The Trump administration is weighing the creation of a “review system” for frontier AI models. According to the New York Times, in this proposed approach, AI labs would provide the federal government with “first access” to “get ahead” of models with significant cyber capabilities, presumably such as Anthropic’s Mythos. It’s unclear what legal authority would allow the president to accomplish these goals—specifically, mandating labs to undergo a vetting process and then sharing any essential information related to countering any detected risks with other parts of the government.

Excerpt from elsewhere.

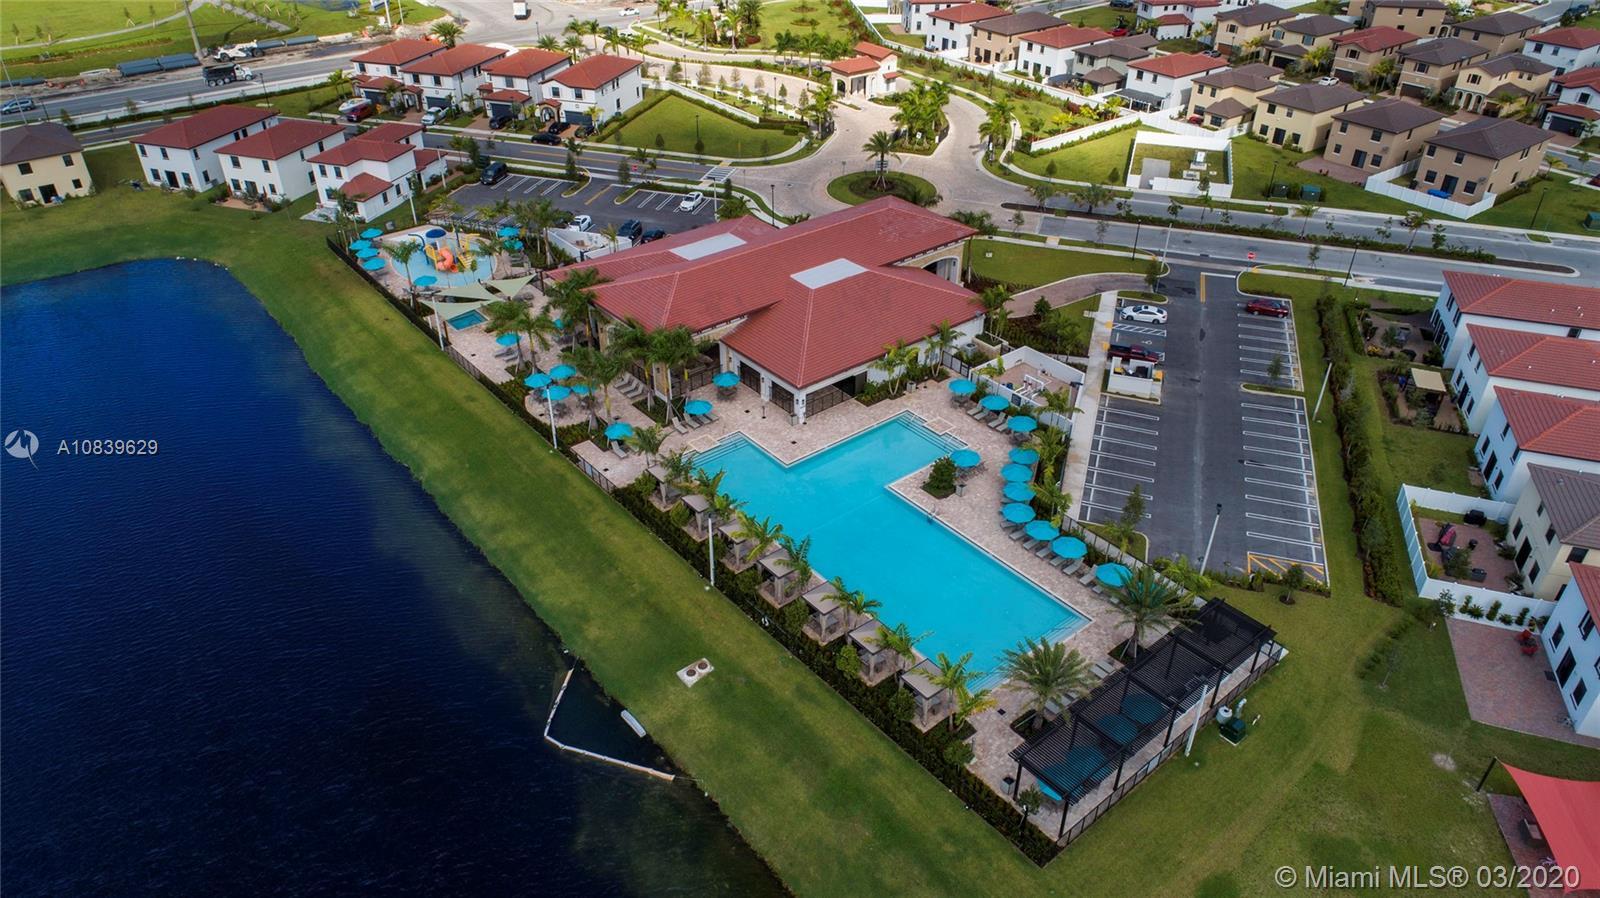 3462 W 106 TERR # 0, Hialeah Gardens, Florida 33018, 3 Bedrooms Bedrooms, 1 Room Rooms,3 BathroomsBathrooms,Residential,For Sale,3462 W 106 TERR # 0,A10839629

However, existing authorities would allow for a voluntary “kick the tires” testing period. Labs could opt to share models with materially new capabilities with the Center for AI Standards and Innovation (CAISI), which is housed within the Commerce Department’s National Institute of Standards and Technology; the director of the Cybersecurity and Infrastructure Security Agency (CISA) could then fund an effort to help a broad set of actors—including local, state, federal actors as well as other public and private entities—take any necessary cybersecurity precautions. This would help labs avoid popular backlash for knowingly introducing models that may threaten critical systems and public well-being and perhaps subvert more onerous, formal requirements.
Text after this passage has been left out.